Bir anda mucize gerçekleşir ve bize beden olacak o tek hücre
bölünür ve çoğalmaya başlar... Bir süre duyularımız ve beyindeki ilk hatıralar oluşmaya başlar. Annemizin rahat
ve sıcak karnından birden bire başka bir yere çıkarız... Daha sonraları onsuz
yapamayacağız ışık ve nefes bizi rahatsız eder... Önceleri fark etmeyiz
annemizden ayrı bir bedene sahip olduğumuzu...
Biraz süre geçtiğinde anlarız ki bedenimiz aynı ve aynı
zamanda küçük ve korumasızdır. Anne ve baba olmadan hayatta kalamayacağımızı
idrak eder, tanrılaştırır onları bu zamanlarda.
Büyüdükçe başkaları girer hayatımıza, bu kişiler hiç de anne
baba gibi değillerdir. Sosyal ilişkiler kurmaya ve bu ilişkilerde neyin işe
yarayıp neyin yaramadığını keşfetmeye devam ederiz. Aile ve toplum koşullanmaları
ile beraber kendimize has taktikler belirleriz, kişiliği oluşturmaya başlarız.
Bazen kişiliğe göre farklı maskeler takıp en uygun duruma göre davranmayı
öğrenip kendimize olan faydayı en fazla seviyede tutarız.
En kötüsü ise bu maskelerden bazılarının çok başarılı
olmasıdır! Artık maske ile özümüzü ayıramaz oluruz. Artık maske ile
özdeşleşmemiz tamamlanmıştır. Ünvan, statü, şan, şöhret, meslek, dış görünüm,
eşyalarımız, hayat tarzımız vs...
Bir şekilde maskeyi kaybedecek gibi olursak, emziğini
düşüren bebek gibi basarız yaygarayı... Bu başarılı gibi gözüken maskelerden
biri de ünlü olmaktır.
Birdman (Atmaca)
filminin kahramanı Riggan, aktörlük
hayatının ilk zamanlarında Birdman karakteri ve filmleri ile meşhur olmuş ve bu
konumu devam ettirmeye çabalamaktadır. Kendi tiyatro oyununa hem yönetmenlik
hem de aktörlük yapar. Özel hayatı dağılmış olan Riggan birlikte çalıştıkları
kızı Sam’in baba olarak yanında
olamamıştır.
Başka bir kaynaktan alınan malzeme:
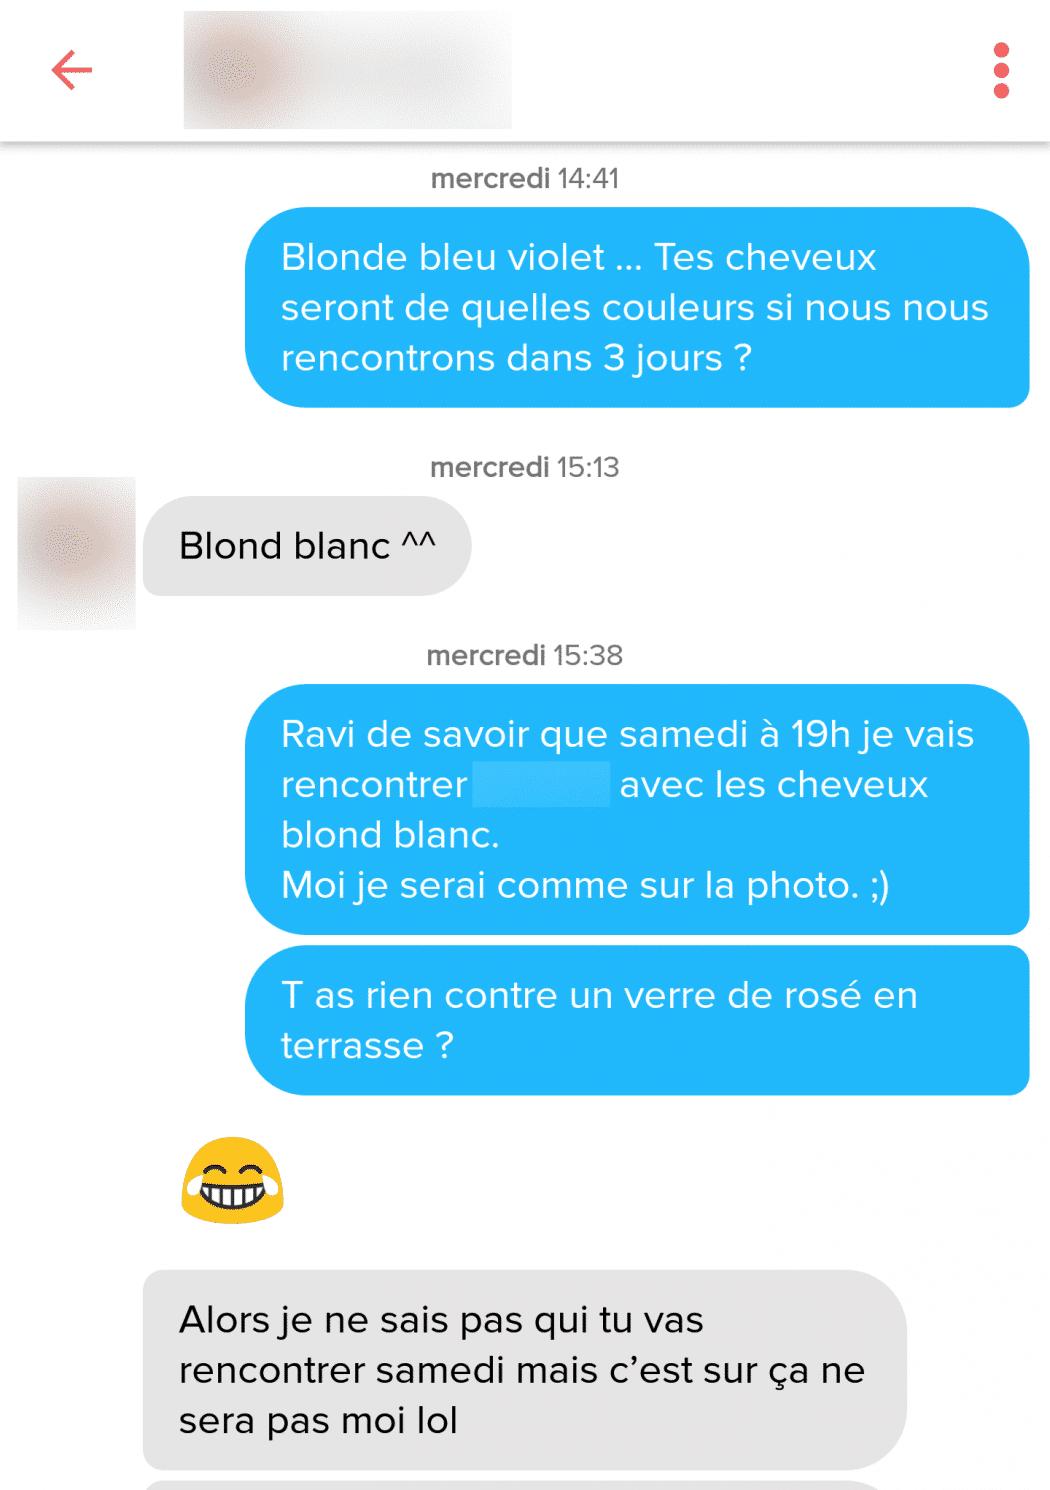 Rencontre célibataires Lyon - Site de rencontre Gratuit à Lyon

Riggan’ın durumu o kadar vahimdir ki, kafasının içindeki Birdman
rolü onunla konuşmaktadır devamlı. Olmak istediği kişi ile olduğu kişi arasındaki ikilemi yansıtmaktadır bu konuşmalar... Bu durumdaki Riggan’ın
oyununa yetenekli oyuncu Mike’ın dahil olması ile olaylar altından kalkılamaz
bir hale gelmek üzeredir...
Başroldeki Micheal Keaton’ın kendi hayatı belki de filmle
fazlaca benziyor... Gelmiş geçmiş en iyi Batman olarak kabul edilen Michael
Keaton, 1989’da 38 yaşında oynadığı Batman
ve 1992’deki Batman Returns filmlerinden
sonra çok önemli bir filmde rol alamadı... Bu sefer, 64 yaşında Oscar ödülü’ne
aday!
Babel ve 21 Gram filmlerinin yönetmeni Alejandro González Iñárritu, filmin hem
senaristlerinden biri hem de yönetmeni... Oyuncu seçimi muhteşem: Michael Keaton, Edward Norton, Emma Stone, Zach Galifianakis ve Naomi Watts! En iyi film, en iyi erkek
oyuncu ve en iyi yardımcı erkek ve kadın oyuncu dalları dahil toplam 9 Oscar
Ödülü’ne aday.
“Popüler olmak, saygınlığın küçük sürtük kuzenidir.”